As shown in FIG. 1, according to a sixth embodiment of the portable wind blowing device of the present disclosure, the portable wind blowing device further includes the following structures.

A semiconductor refrigeration module 13 is arranged. Heat generated by the semiconductor refrigeration module 13 is dissipated to an exterior of the hanging body 10 via the high pressure airflow.

As shown in FIG. 1, according to a seventh embodiment of the portable wind blowing device of the present disclosure, the semiconductor refrigeration module 13 is integrally arranged with the EMS current pulse module 12.

To be noted that, since the semiconductor refrigeration module 13 and the EMS current pulse module 12 are integrally formed in the present embodiment, manufacturing costs can be are saved to a great extent. In addition, in a process of refrigeration and heating, weak electrical stimulation on the body based on the microcurrents and physiotherapy may be achieved, such that auxiliary functions of the device are enhanced.

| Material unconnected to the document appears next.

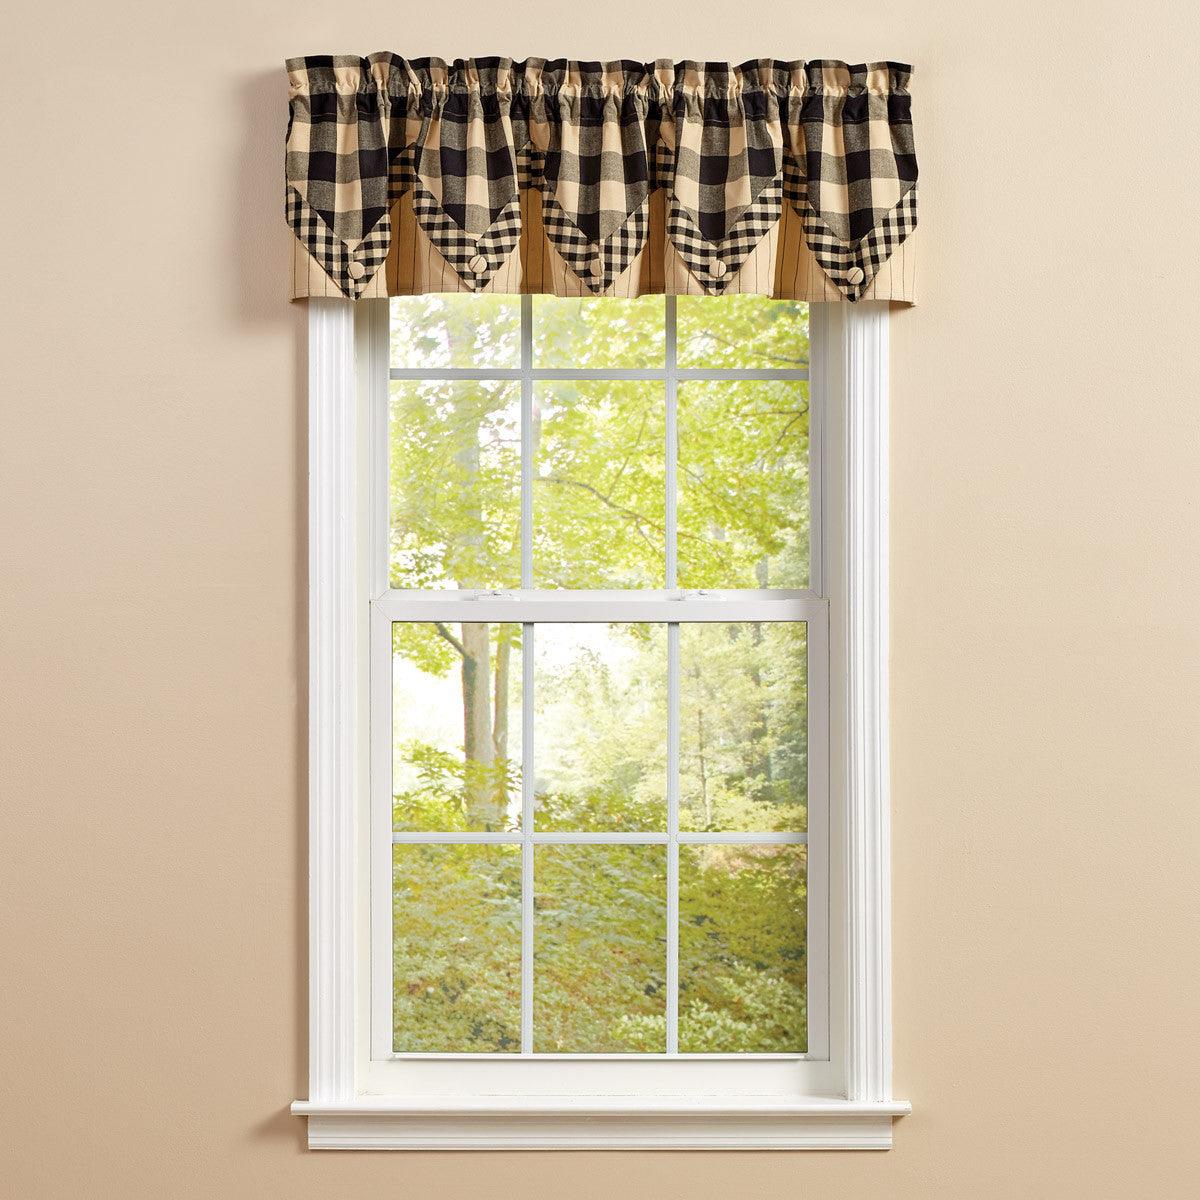 Wicklow Lined Point Valance 15" L - Black Park designs - The Fox Decor

In some embodiments, the hanging body 10 includes a flexible shell and a shape fixation member arranged inside the flexible shell, such that the hanging body 10 may wrap around an arm of the user, or the hanging body 10 may be twisted to change orientations of the air inlets 101.

In some embodiments, at least two fan assemblies 11 are arranged and are respectively disposed at two ends of the hanging body 10.

Alternatively, in some embodiments, at least one fan assembly 11 is arranged and is disposed at a middle of the hanging body 10. The airflow concentration channel 113 has at least two outputting ports 116 that output airflow towards the two ends of the hanging body 10, respectively.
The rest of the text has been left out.